PNC n'a pas retenu sur ce sujet la leçon de l'accident de MONJU. Il semble même que PNC serait responsable d'une fausse déclaration concernant l'extinction de l'incendie. Une enquête est en cours sur cette déclaration. Il faut par ailleurs être conscient que la volonté de coordination et de recherche de consensus du système bureaucratique japonais tend à être un frein à une bonne gestion de l'information en situation de crise.
Cette affaire est porteuse de leçons. Il serait illusoire de croire que la France serait exempte de risques de retard et de confusion dans l'information donnée au public en cas de crise nucléaire. Les exercices de crise que la DSIN organise en France ont déjà fait apparaître l'importance considérable que prendraient les problèmes de communications. C'est pourquoi la DSIN a souhaité qu'une pression médiatique soit systématiquement simulée dans ces exercices afin de rendre plus réalistes les conditions auxquelles sont soumises les différentes équipes de crise. Cet effort doit être maintenu et prendre en compte le cas d'accidents à cinétique rapide.
En conclusion, l'accident survenu le 11 mars 1997 dans les installations de Tokaï-Mura apparaît porteur d'enseignements importants pour la France.

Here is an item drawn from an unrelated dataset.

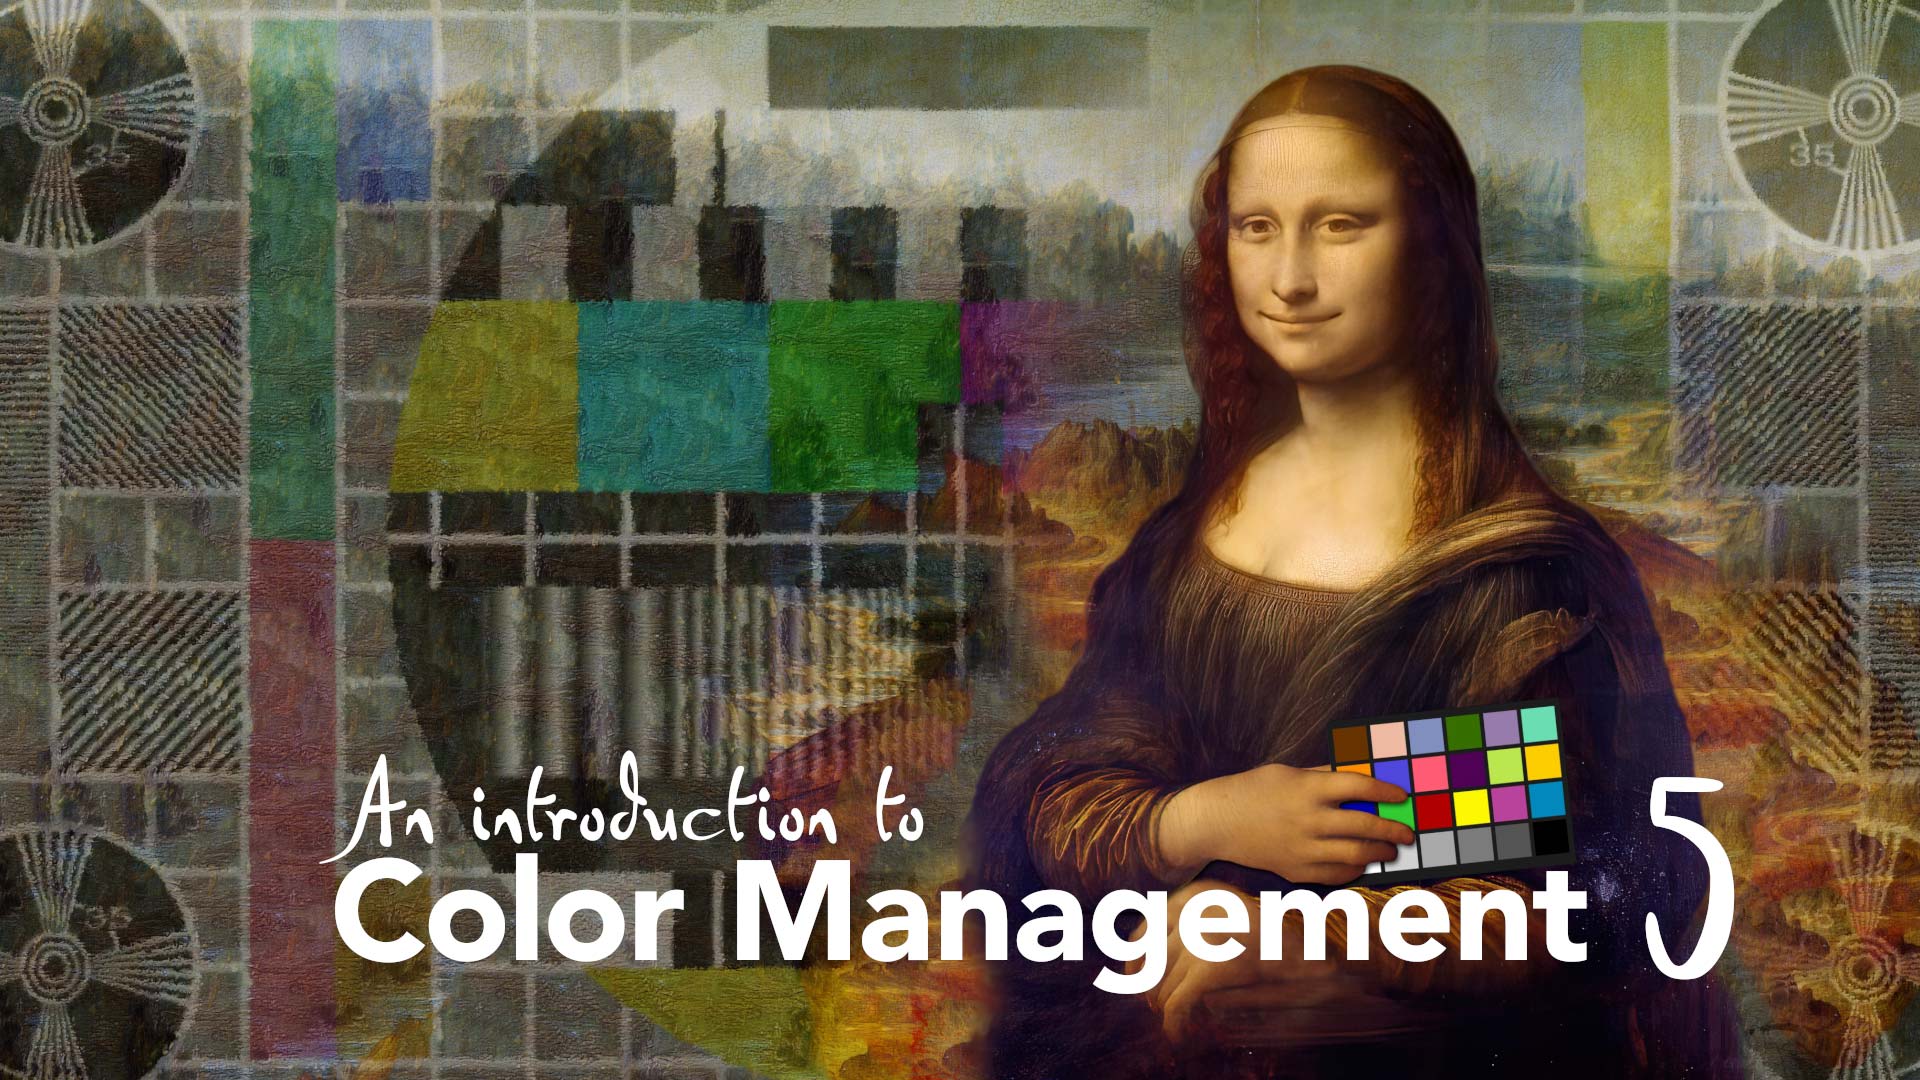 Color Management Part 5: Introducing CIE 1931 1

D'un point de vue technique, il doit amener à maintenir la vigilance vis-à-vis d'installations utilisant le procédé de bitumage et à renforcer les efforts actuellement menés pour la mise en oeuvre de procédés alternatifs.
Du point de vue de la communication, il met en évidence la nécessité d'anticiper la coordination des différents acteurs impliqués en situation de crise nucléaire pour éviter des retards préjudiciables et obtenir une bonne gestion de l'information.

La Gazette Nucléaire n°159/160, juillet 1997.
(La Gazette du Nucléaire est éditée sur Internet grace à Yves Renaud)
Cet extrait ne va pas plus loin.